Data
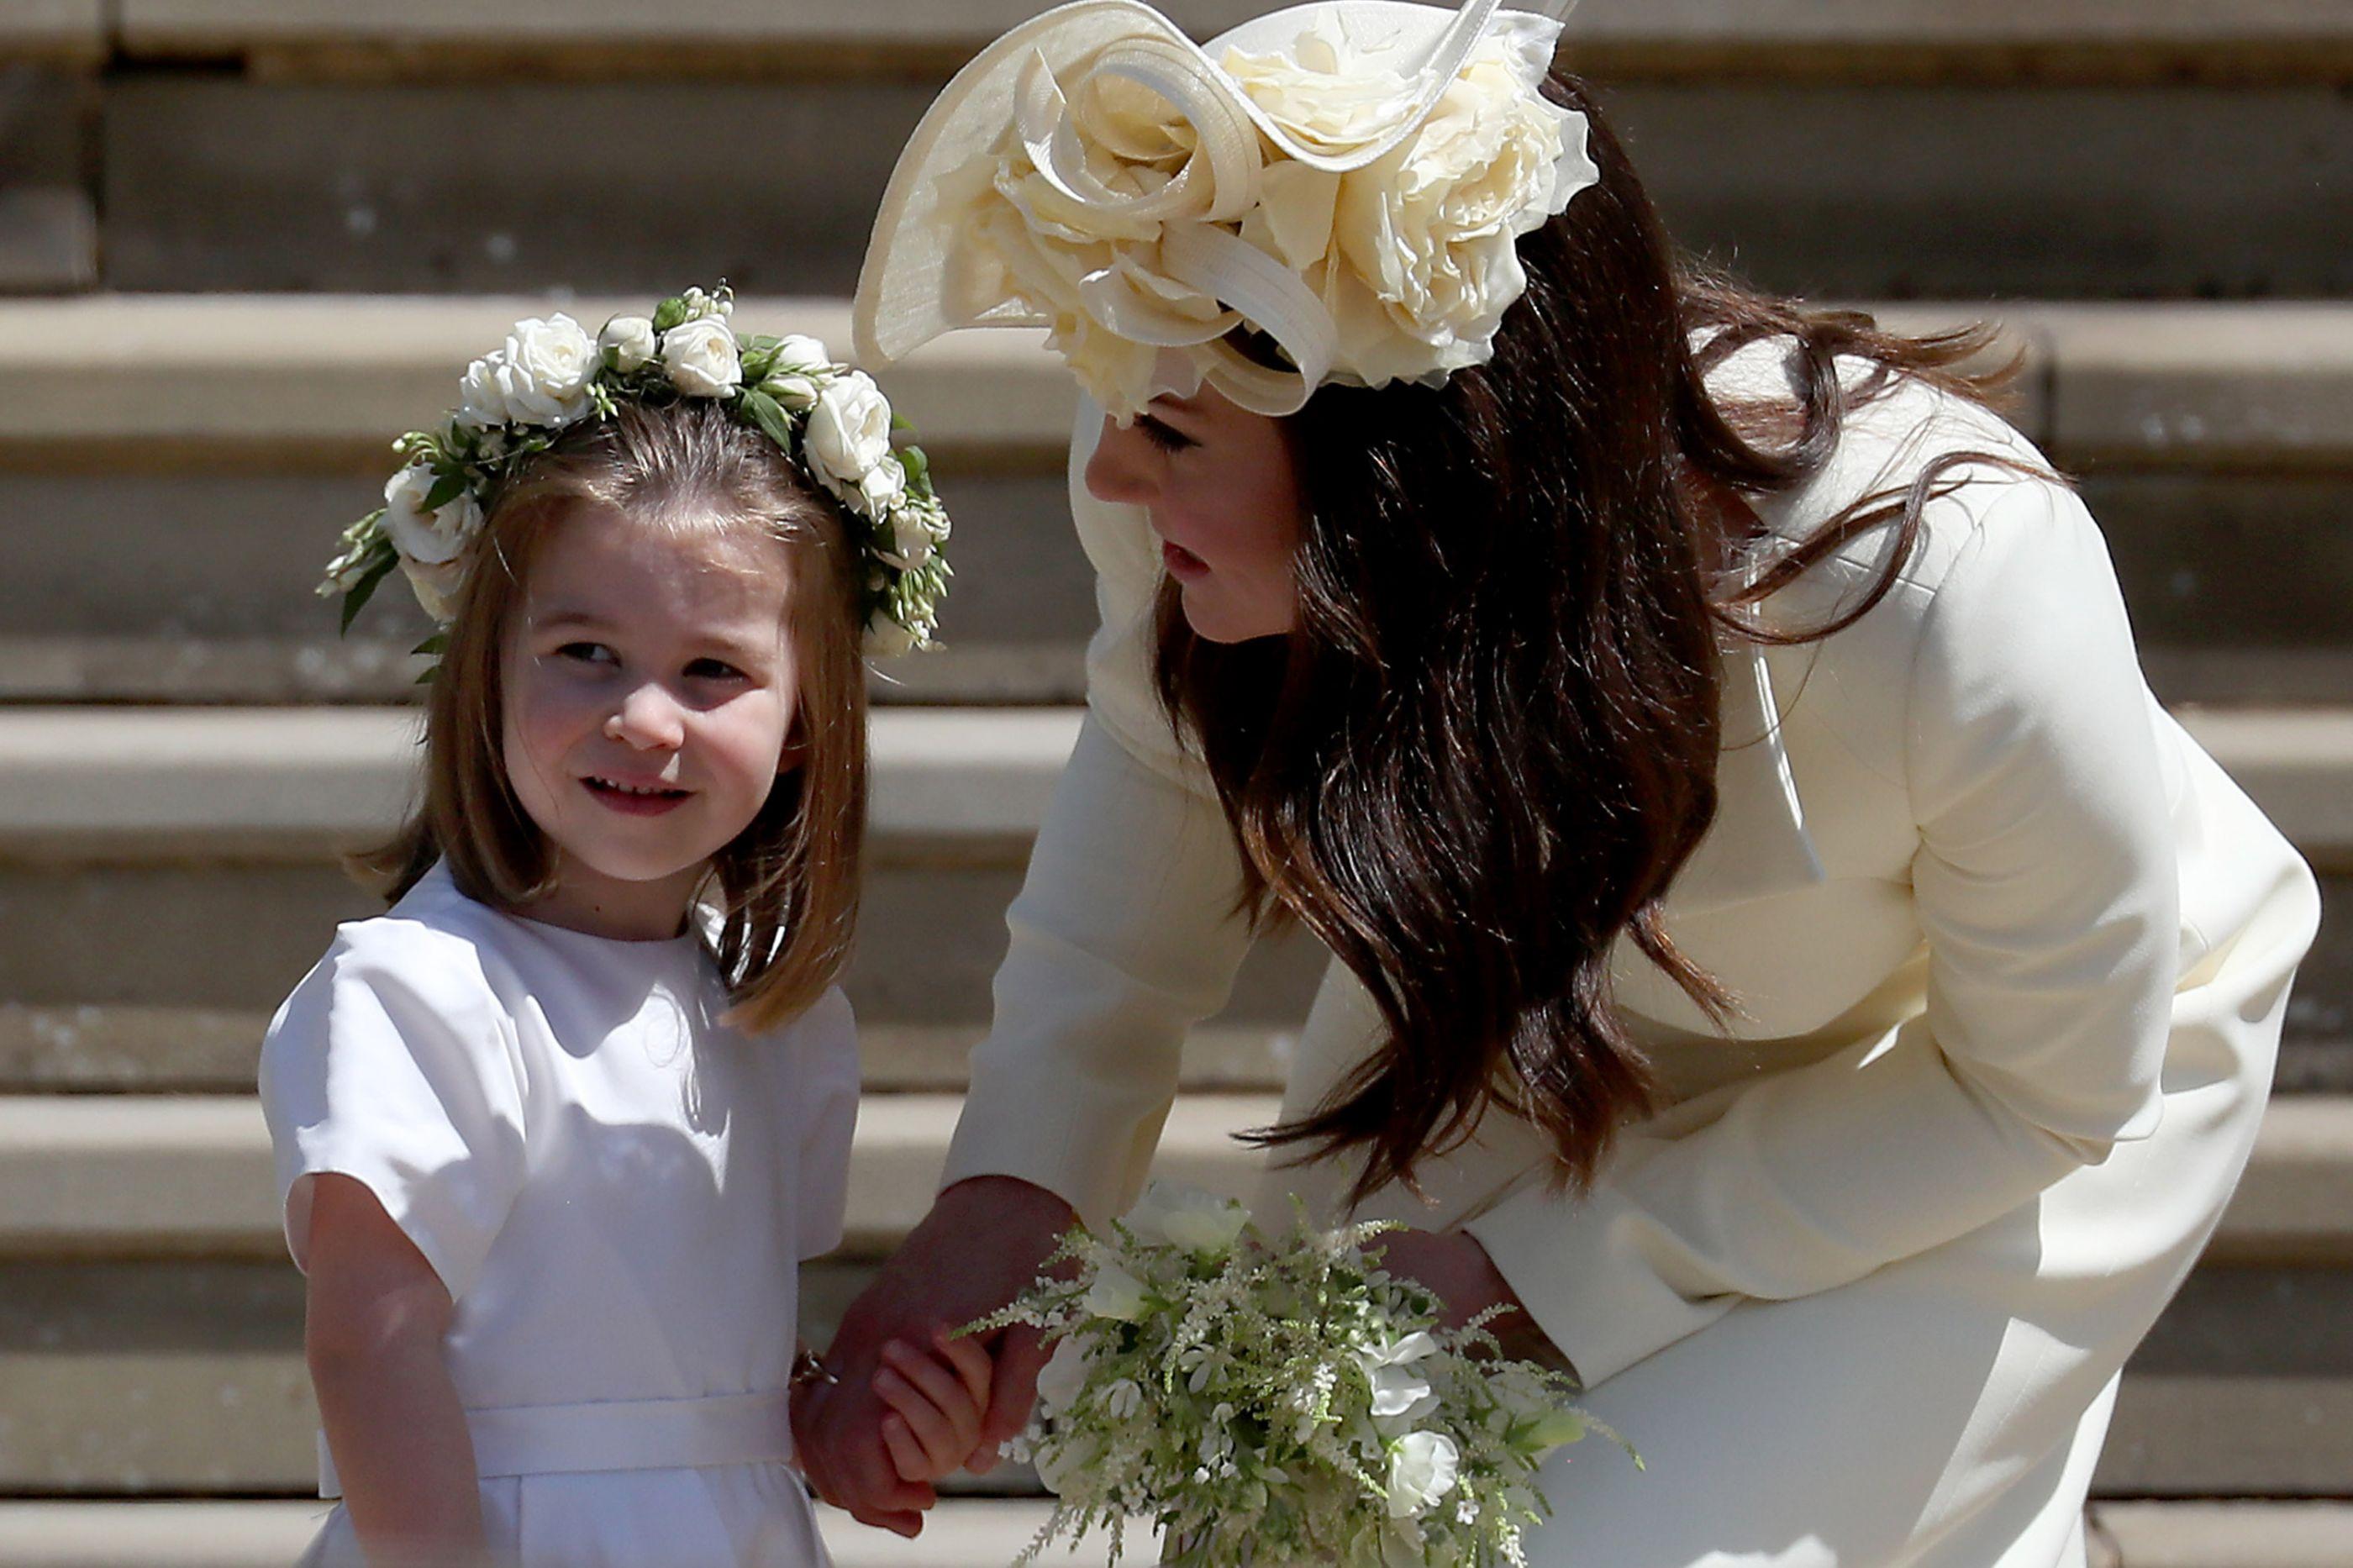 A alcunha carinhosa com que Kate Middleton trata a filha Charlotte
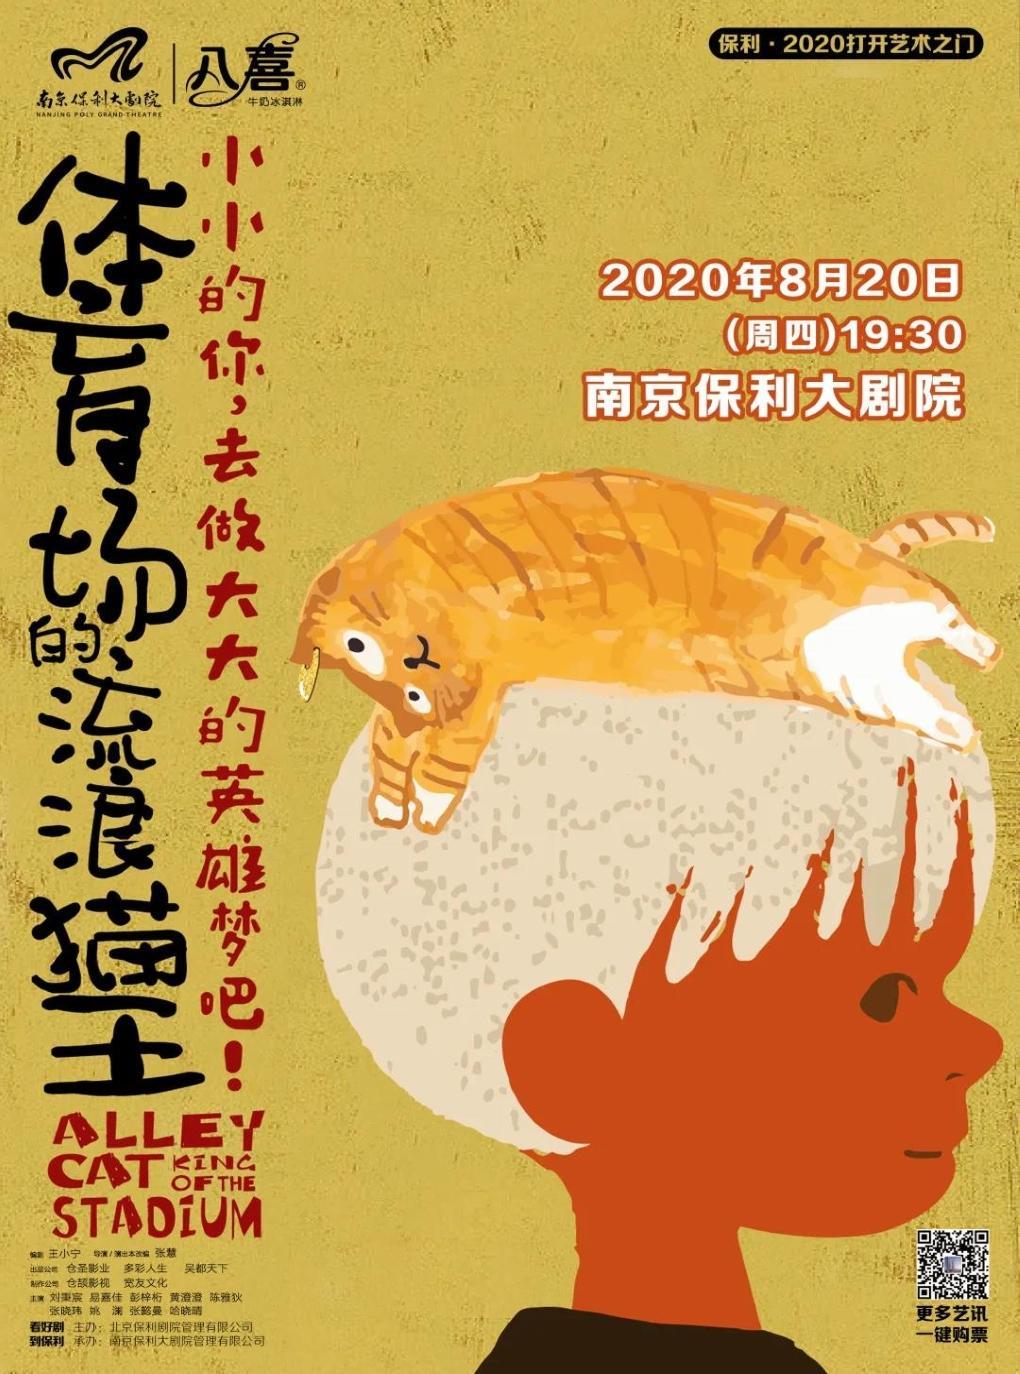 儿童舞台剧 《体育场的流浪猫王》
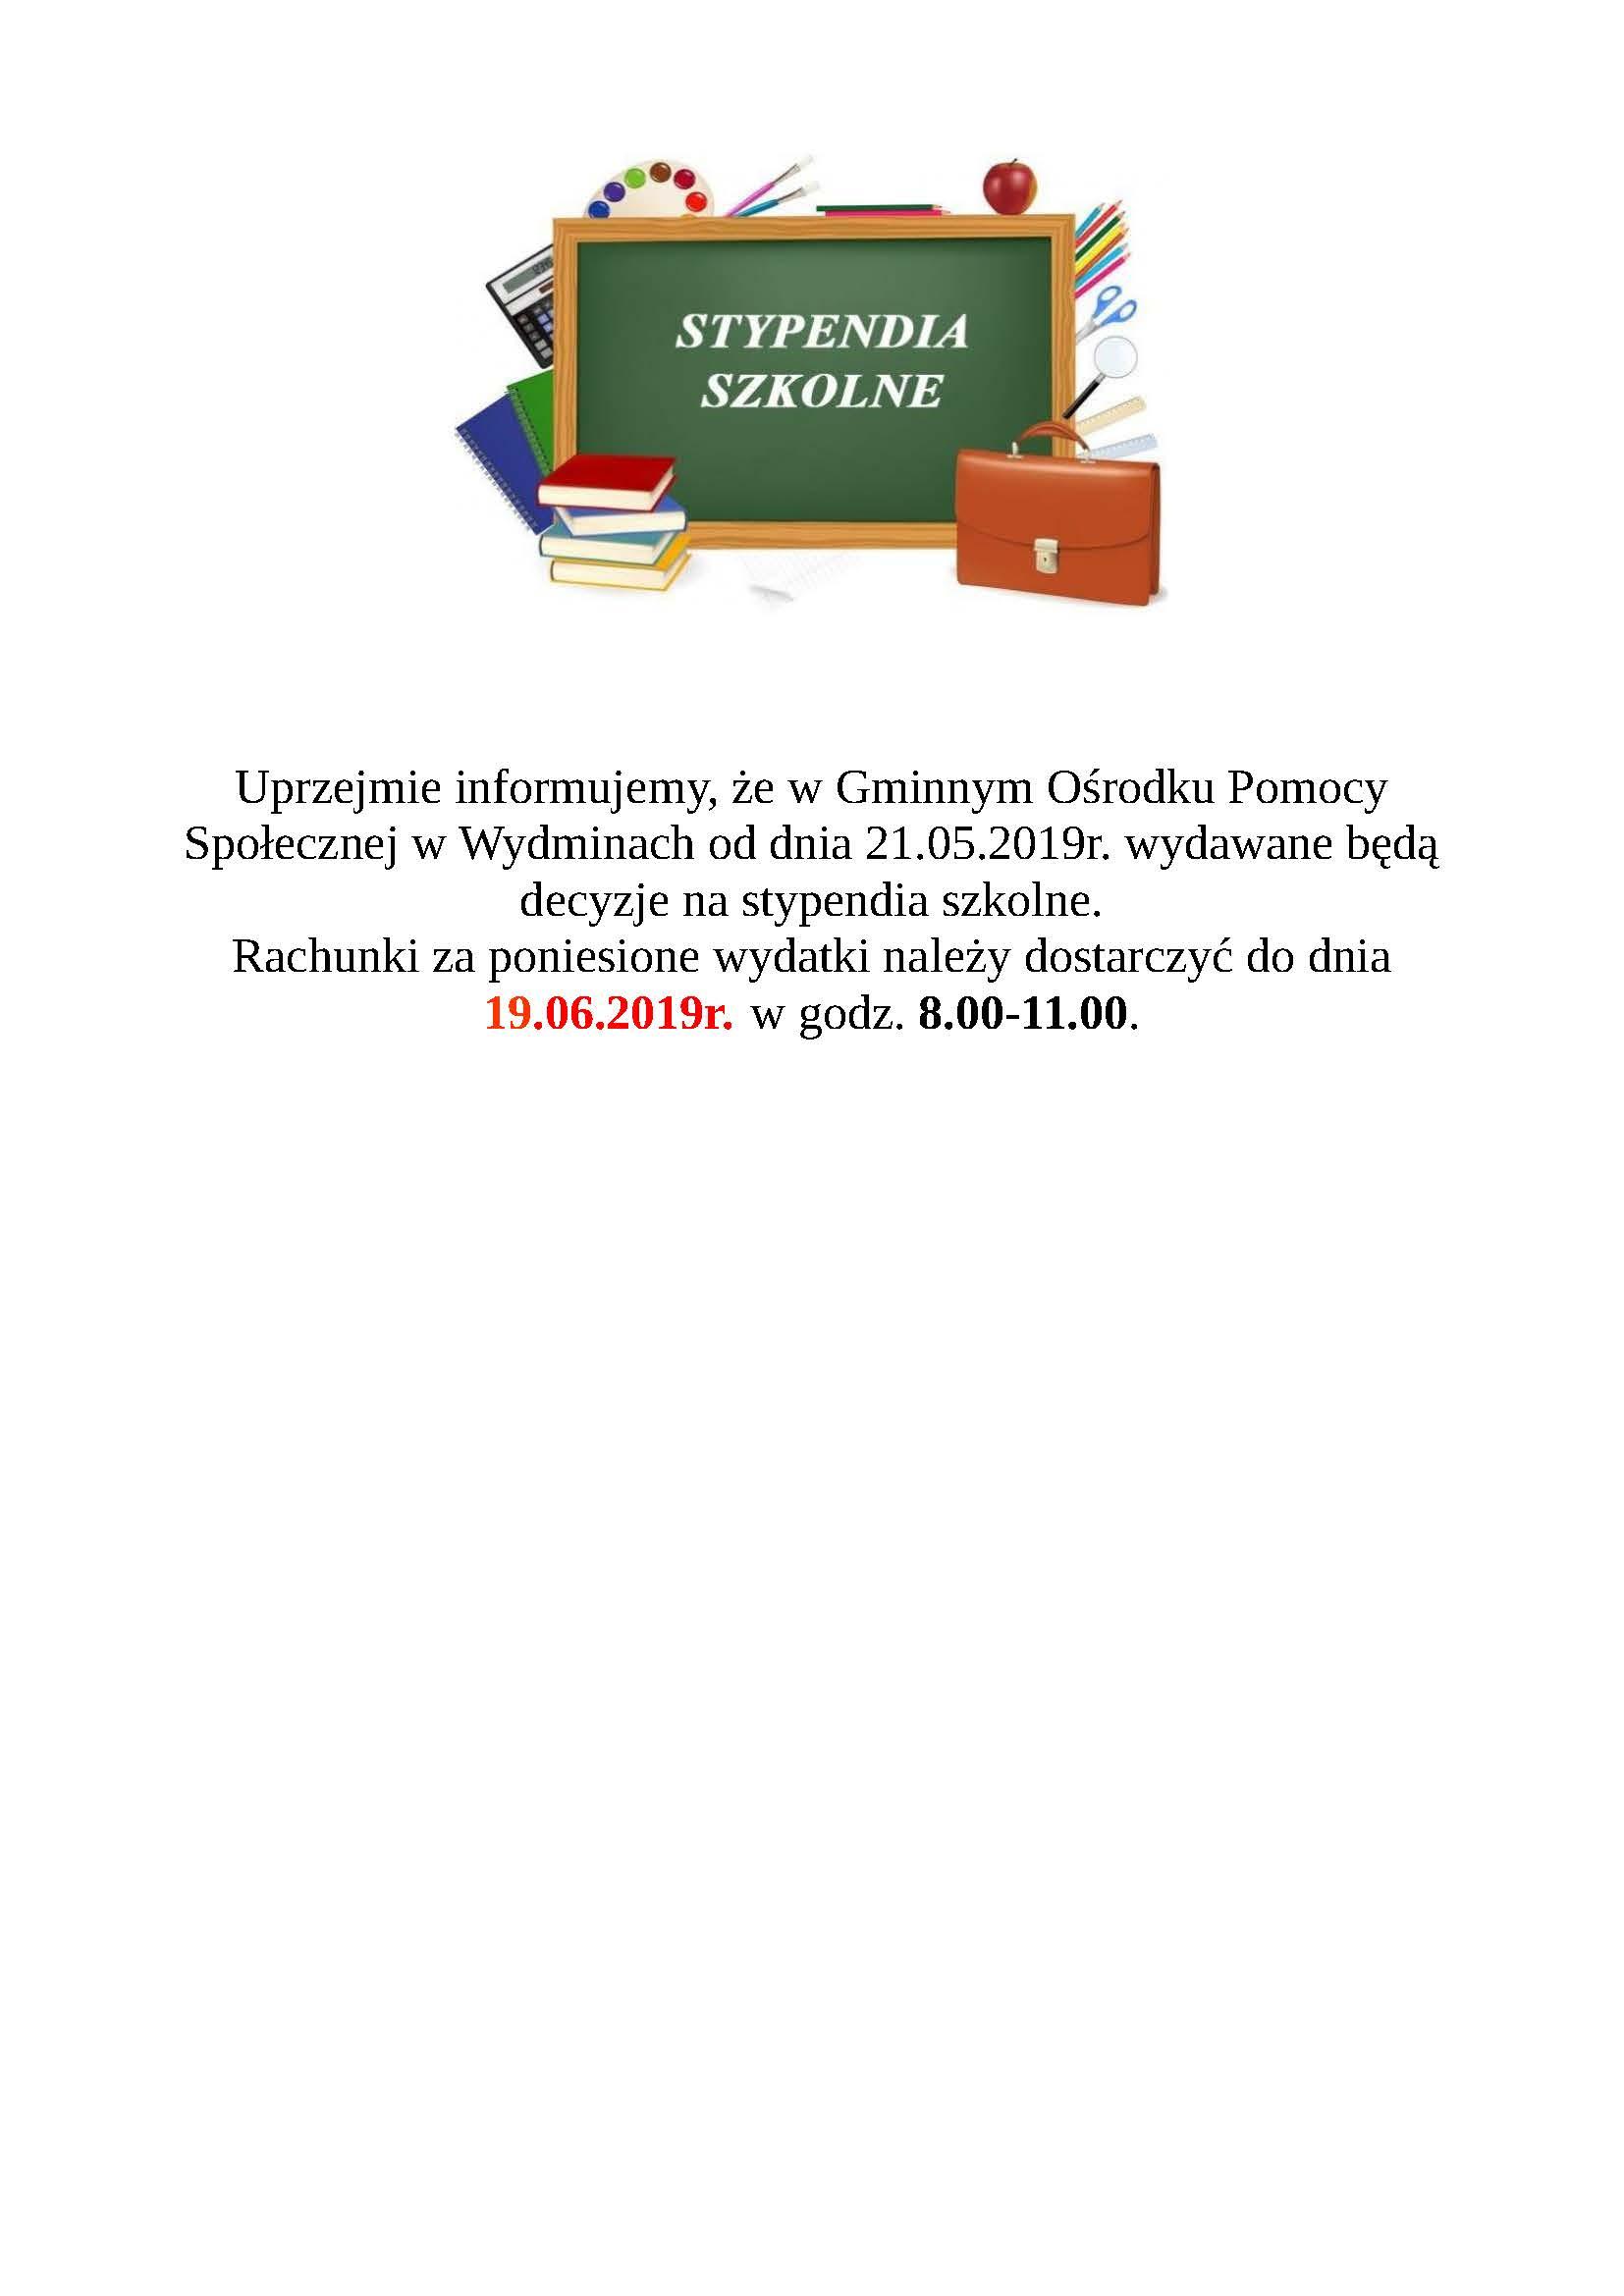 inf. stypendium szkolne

Your objective
Exact output of each line above is wanted, without the pictures.

Result of the exercise
 A alcunha carinhosa com que Kate Middleton trata a filha Charlotte
 儿童舞台剧 《体育场的流浪猫王》
 inf. stypendium szkolne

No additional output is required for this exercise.